What is the one must-try local specialty food or drink that Sendai is famous for?

Gyutan, or grilled beef tongue, is the dish most associated with Sendai, with the city consuming more beef tongue per capita than anywhere else in Japan. Zunda, a sweet edamame paste, is another local specialty found in desserts and drinks throughout the city. For pizza specifically, some local spots incorporate zunda or mentaiko as toppings, which is a distinctly Sendai twist on Italian cuisine.

Is Sendai expensive to visit? Give a realistic daily budget breakdown for mid-tier travelers.
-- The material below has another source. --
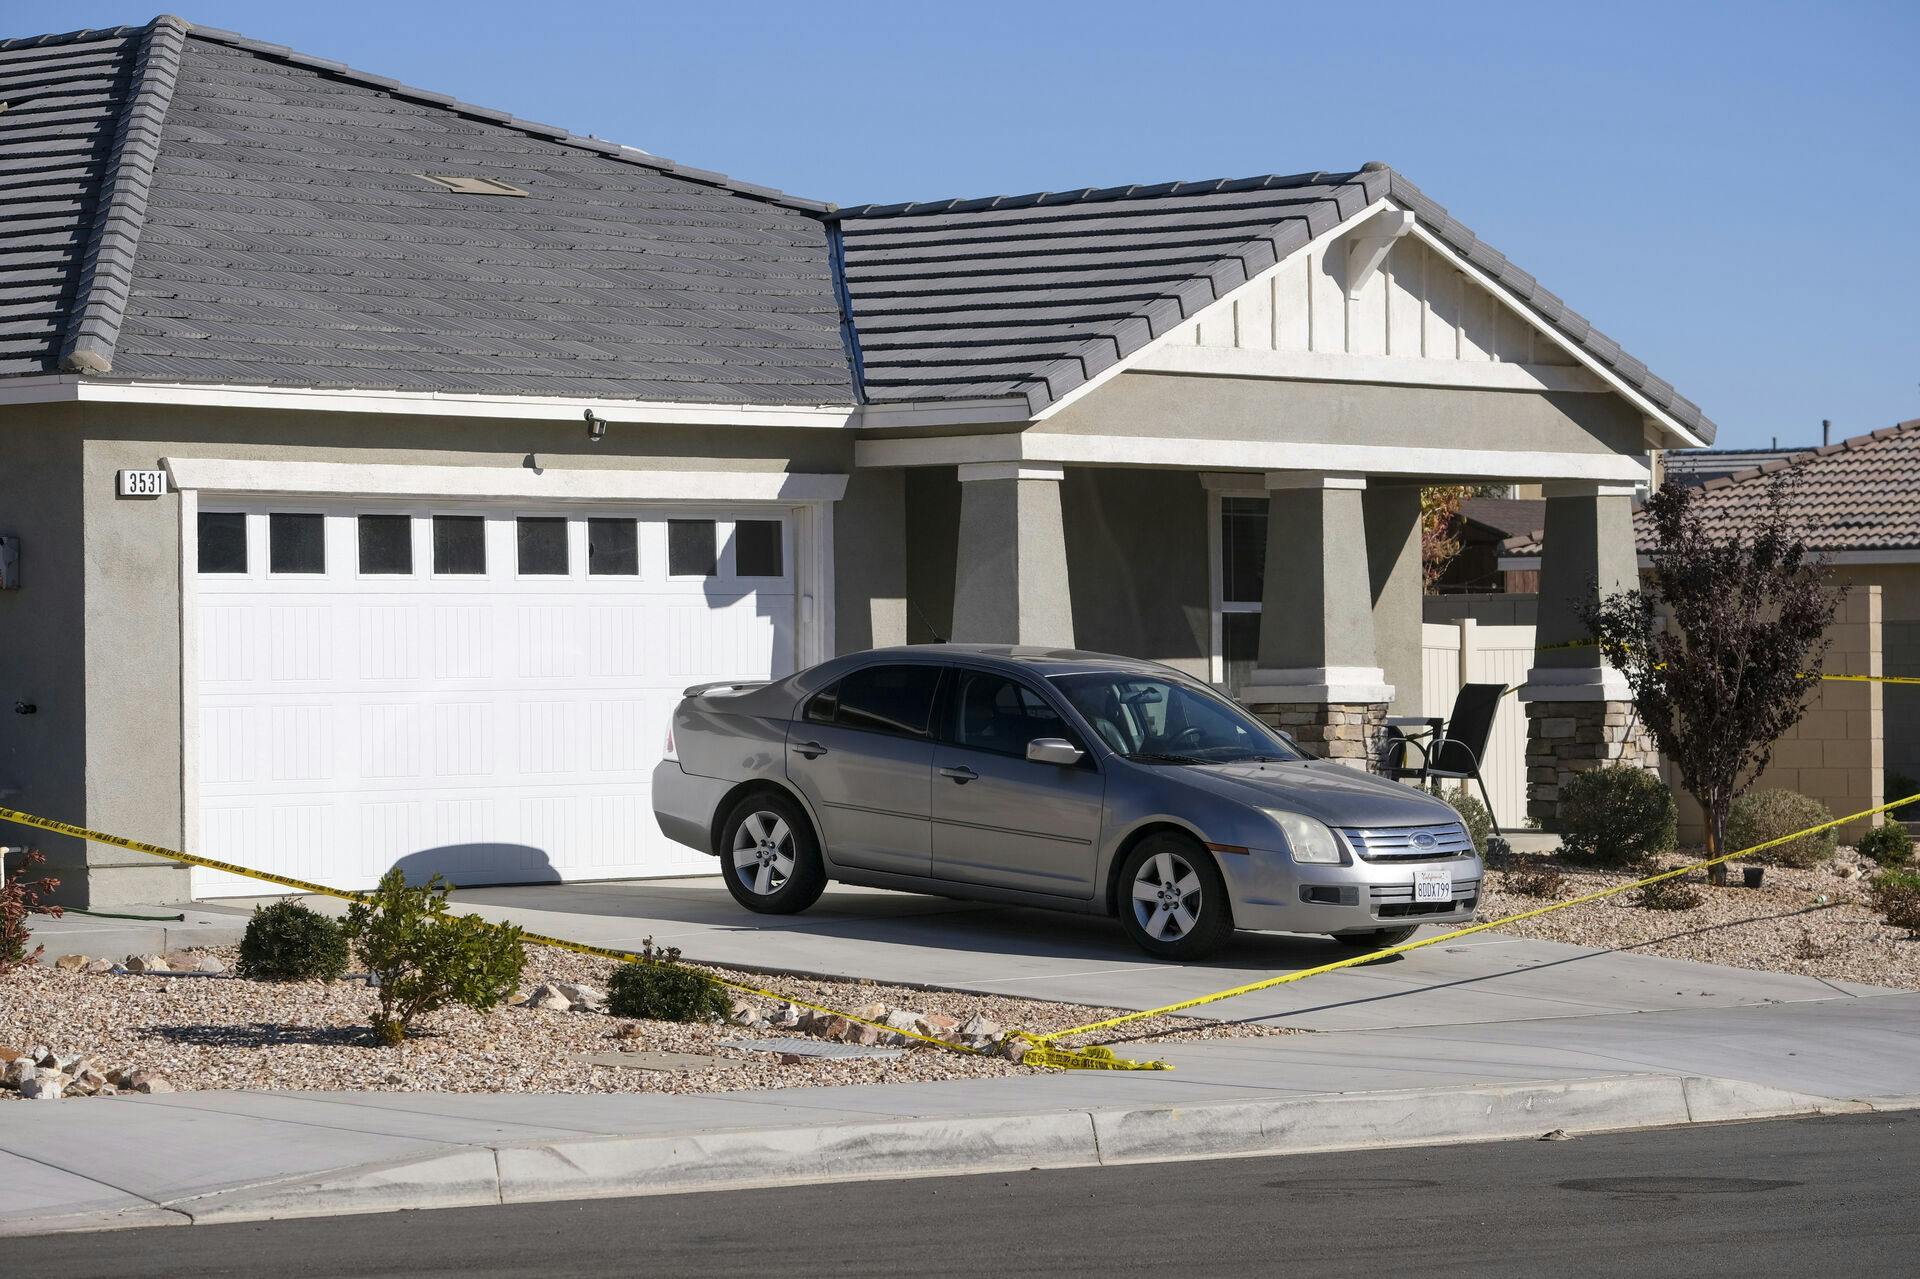 Drabene blev begået i familiens hus i byen Lancaster, Californien. Her ser huset spærret af efter drabene.

A mid-tier daily budget for Sendai runs approximately 12,000 to 18,000 yen per person, covering accommodation, meals, and local transportation. A pizza dinner at a mid-range restaurant costs between 1,500 and 3,000 yen per person, while lunch sets are available for 1,000 to 1,800 yen. Budget hotels near Sendai Station start around 6,000 yen per night, and the city's subway and bus system charges 200 to 400 yen per ride.

Is the tap water in Sendai to drink, or should travelers strictly rely on filtered water options?

Tap water in Sendai is safe to drink and meets Japan's strict water quality standards. The water supply comes from the Hirose River and surrounding mountain sources, which provide clean, soft water. Most restaurants serve tap water free of charge, and there is no need to purchase bottled water for basic hydration. Travelers with sensitive stomachs may prefer filtered water, but this is a personal preference rather than a necessity.